1. Panting.
2. Comb not pink or red, but almost a blue-red.
3. Eyes closed, head down, doesn't want to move when prodded.
Set up a pan of 150 degree water, grab a knife, cull, scald, pluck & gut, immediately. If you don't, you'll likely pick the bird up tomorrow, dead, and toss it in the trash.
This bird is having his last day. He's not mouth breathing anymore and is getting around fine, but I know it is his time. I've worked all weekend and am exhausted, not prepared to cull my first chicken. Tomorrow morning will be his time. I'm doing as much reading up as possible but am mostly concerned about cutting his neck in the proper place.

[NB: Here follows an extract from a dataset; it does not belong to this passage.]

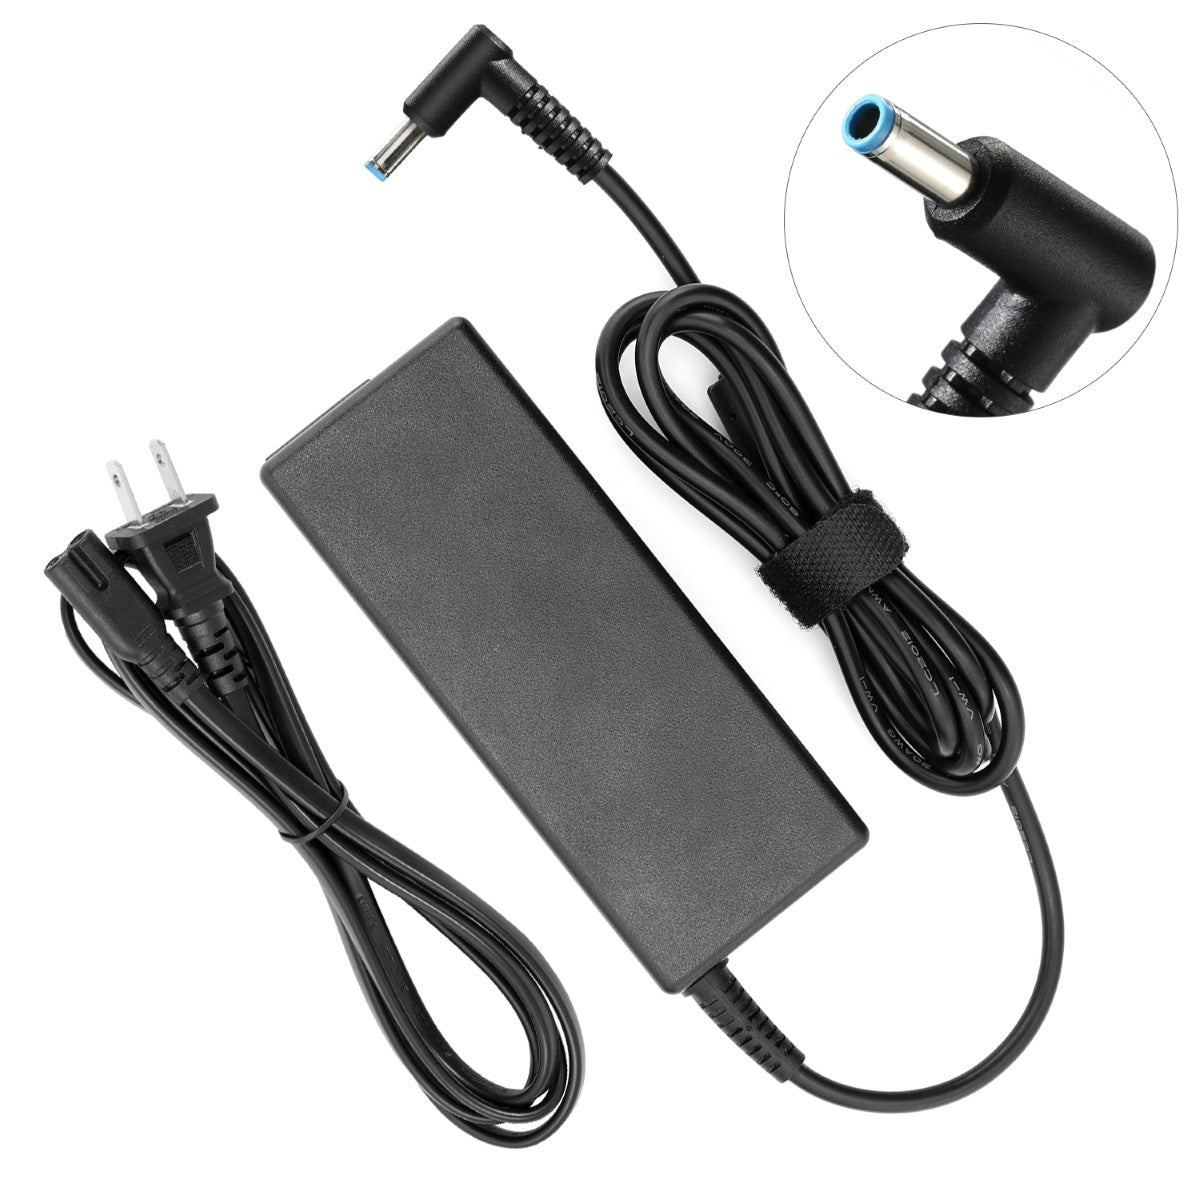 AC Adapter Charger for HP 15-f009wm Notebook (J2V78UA).

Any words of advice regarding this or anything else?
*Thanks* so much for putting so much useful and supportive information out there.
I scruff mine at the neck, like they were a dog, and look for the curve of the jawbone. Cut there, usually theres either no feathers, or they are very small.
I think I have a pic somewhere.....
Here it is. He's alive and hanging, I'm not choking home but gently holding the scruff and feathers so the skin on the front of his neck is taut. Hold too tight and it will choke and they will fight that, which is not good with a sharp object in the other hand.
The knife is sitting right where I'll make a quick slice on the one side.
If a maturing broiler chicken is struggling to breath it is likely a sign of either fluid build up inside the chest cavity and or impending heart failure.
Resting the meat in the fridge 34f to 40f for a couple days until rigor mortis passes will make for a tender bird. Natural enzymes in the meat will break down crosslink fibers in the meat giving that nice tender stringy or flaky meat that falls off the bone.
If it is above 80 degrees they pant to cool off along with wings held away from the body. CX cannot take heat because of body mass that is why they have few feathers they dont need them for warmth.